If the Vector Real Gateway In is configured to be an AXI4-Lite interface, this option allows an address offset to be automatically assigned to the register within the AXI4-Lite interface that the Vector Real Gateway In is mapped to.

Address offset

If Auto assign address offset is not checked, then this entry box allows you to explicitly specify an address offset to use. Must be a multiple of 4.

Interface Name

If the Vector Real Gateway In is configured to be an AX4-Lite interface, assigns a unique name to this interface. This name can be used to differentiate between multiple AXI4-Lite interfaces in the design. When using the IP catalog flow, you can expect to see an interface in the IP that Model Composer creates with the name <design_name>_<interface_name>_ s_axi.

Important: The Interface Name must be composed of alphanumeric characters (lowercase alphabetic) or an underscore (_) only, and must begin with a lowercase alphabetic character. axi4_lite1 is acceptable, 1AXI4-Lite is not.
Description

Additional designer comments about this Vector Real Gateway In that is captured in the interface documentation.

Default value
Constraints
IOB Timing Constraint

In hardware, a Vector Real Gateway In is realized as a set of input/output buffers (IOBs). There are three ways to constrain the timing on IOBs. They are None, Data Rate, and Data Rate, Set 'FAST' Attribute.

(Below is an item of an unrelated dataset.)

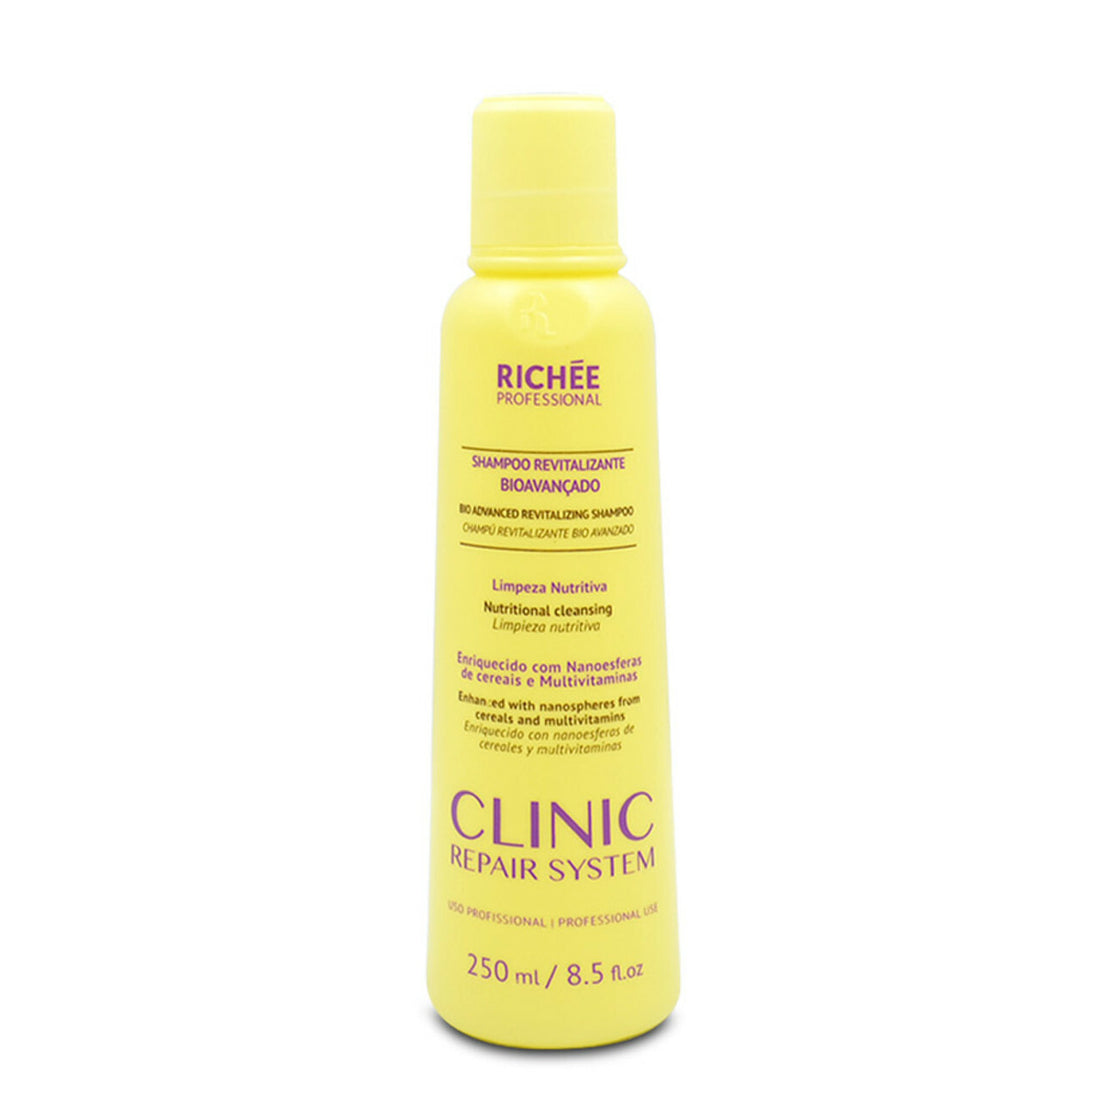 Richee, Clinic Repair System Revitalizante Bioavançado, Shampoing nettoyant en profondeur pour cheveux 250 ml

  • If None is selected, no timing constraints for the IOBs are put in the user constraint file produced by Model Composer. This means the paths from the IOBs to synchronous elements are not constrained.
  • If Data Rate is selected, the IOBs are constrained at the data rate at which the IOBs operate. The rate is determined by System Clock Period provided on the System Generator token and the sample rate of the Gateway relative to the other sample periods in the design.
  • If Data Rate, Set 'FAST' Attribute is selected, the constraints described above are produced. In addition, a FAST slew rate attribute is generated for each IOB. This reduces delay but increases noise and power consumption.
Specify IOB location constraints
Checking this option allows IOB location constraints and I/O standards to be specified.
IOB pad locations, e.g. {'MSB', ..., 'LSB'}
IOB pin locations can be specified as a cell array of strings in this edit box. The locations are package-specific.IO Standards, e.g. {'MSB', ..., 'LSB'}
IO Standards, e.g. {'MSB', ..., 'LSB'}
I/O standards can be specified as a cell array of strings in this edit box. The locations are package-specific.